With the rise of high-end inequality as a tax (and other) policy problem, I noticed that the dominant public economics frame treated declining marginal utility as the only reason for being concerned about it. I agree about the relevance of declining marginal utility, but believe that there are also other concerns, relating to hierarchy, status competition, etcetera. Those problems call for a broader sociological approach, which might be enlightened by (among other things) studying cultural products ECS-style.
Then came Piketty's famous publication of Capital in the 21st Century. I got on the bandwagon early enough to invite him (before his dance card was filled) to a symposium discussing the book at NYU Law School, and i co-authored one of the papers at the conference.
Piketty got a lot of popular mileage in the book from his discussing famous novels by Austen and Balzac. His use of them was a bit limited by my ECS standards, but he did make some interesting points about them.

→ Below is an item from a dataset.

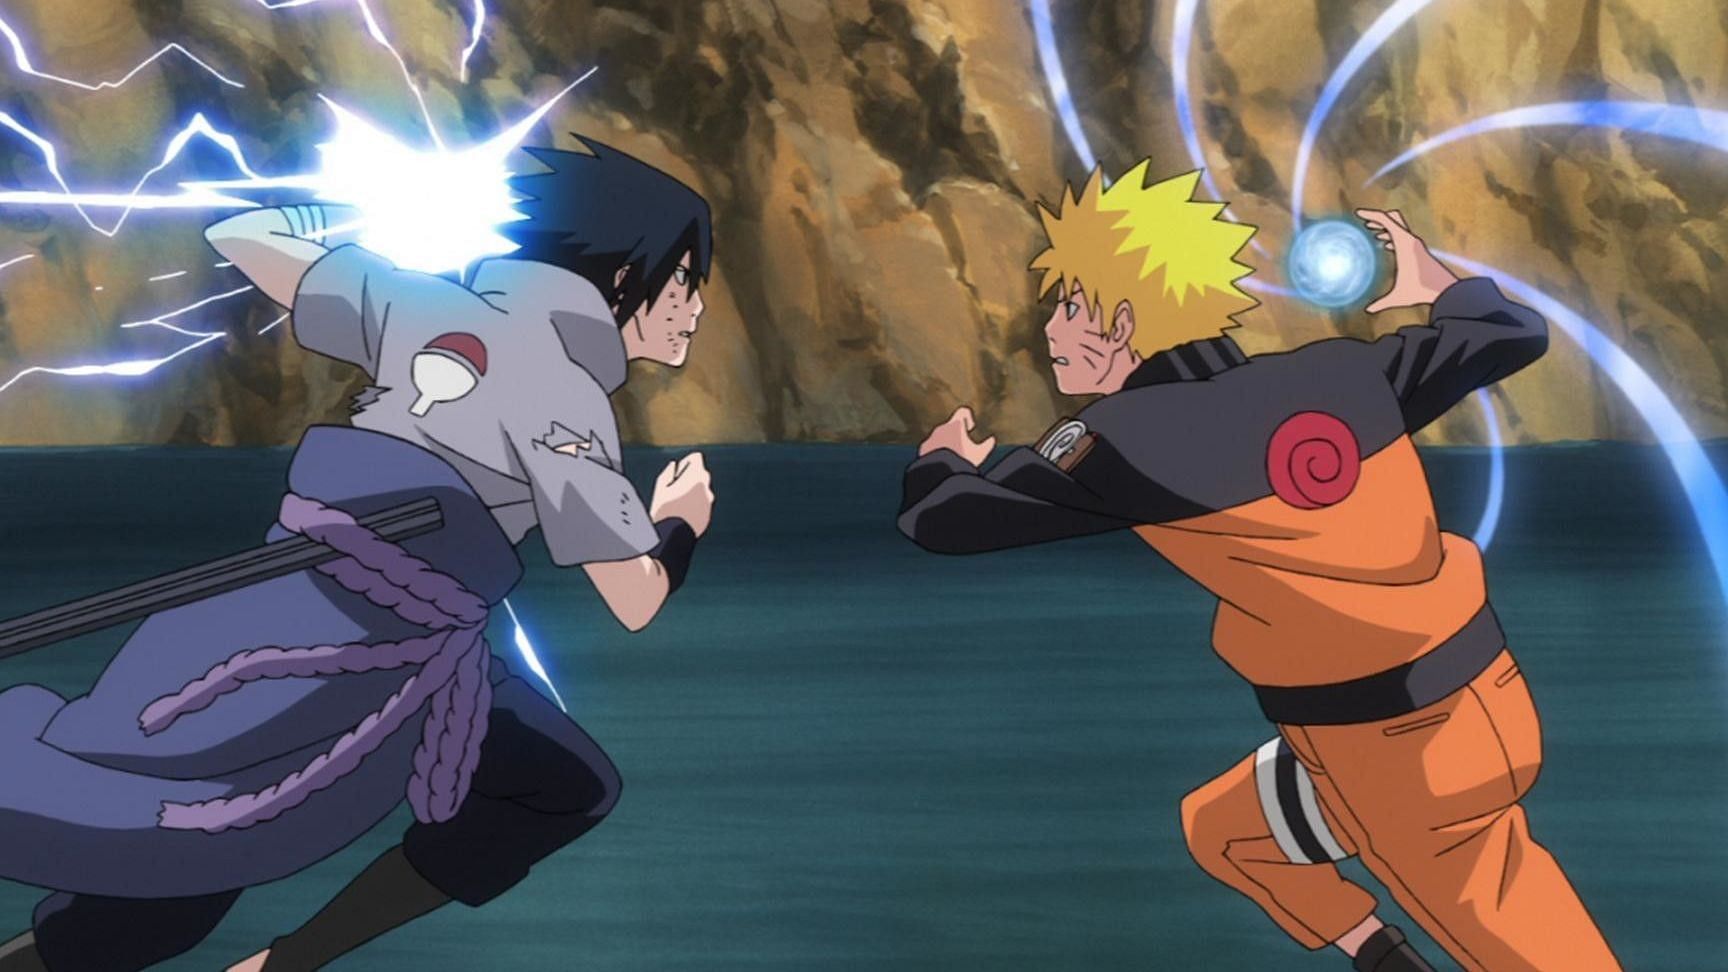 Naruto vs. Sasuke (Image via Pierrot)

I noticed, however, that he got Balzac wrong! He treats Le Pere Goriot as showing the utter futility of using personal effort to get rich, as opposed to relying on inheritance. Yet Goriot's closest thing to a lead character is Eugene de Rastignac, who is surely the preeminent arriviste or social climber in all of French literature. Rastignac learns in the novel (from the famous Vautrin speech) that there is simply no point to his seeking wealth as a lawyer. The returns would simply be too small, deferred, and uncertain. But he doesn't give up on social climbing through personal effort - rather, he learns that a better career choice is that of social parasite (e.g., going to salons, seducing rich women who can help him, trying to inveigle or finagle their husbands, etc.).
That paper plus my ECS training and my sense that the legal and economics literatures about high-end inequality were missing something led to a book, Literature and Inequality, that features 9 studies of classic French, British, and American novels from the nineeteenth through the early twentieth century. That was going to be Part 1, and then Part 2 would hypothetically feature 9 more recent British and American works (e.g., Waugh, Wodehouse, Gatsby, Bonfire of the Vanities, and several others TBD).
But then I realized that I didn't want to write Part 2. Instead, I'd do something much shorter, focused on the US setting where I feel more sure-footed, and shifting the emphasis to factors that might help to explain the rise of Trump and American fascism.
In particular, I was interested in the role played by the tensions between two deeply rooted American cultural ideals: egalitarianism (at least for white males) and what I call market meritocracy, or the view that everyone has a fair chance, and that market outcomes decide who is worthy and who is not. (Suggesting that the "winners" deserve everything that the market gives them, while the "losers" deserve nothing but hatred and scorn.)
The book has three main substantive chapters (leaving aside the Introduction and Conclusion). The first discusses the John Galt speech in Ayn Rand's Atlas Shrugged, and compares it to a much less malignant late 19th century entry in the so-called success literature genre, Russell Conwell's Acres of Diamonds speech, which he gave to paying audience thousands of times between 1870 and 1925, thereby earning enough moolah to found Temple University.
The last chapter compares 2 movies that have a surprising amount in common, apart from the pervasive cultural influences of their very different eras: Frank Capra's It's a Wonderful Life from 1946, and Martin Scorsese's The Wolf of Wall Street from 2013.
The middle chapter, which I presented at the workshop and will recapitulate briefly in a follow-up blog post to this one, discusses The Great Gatsby.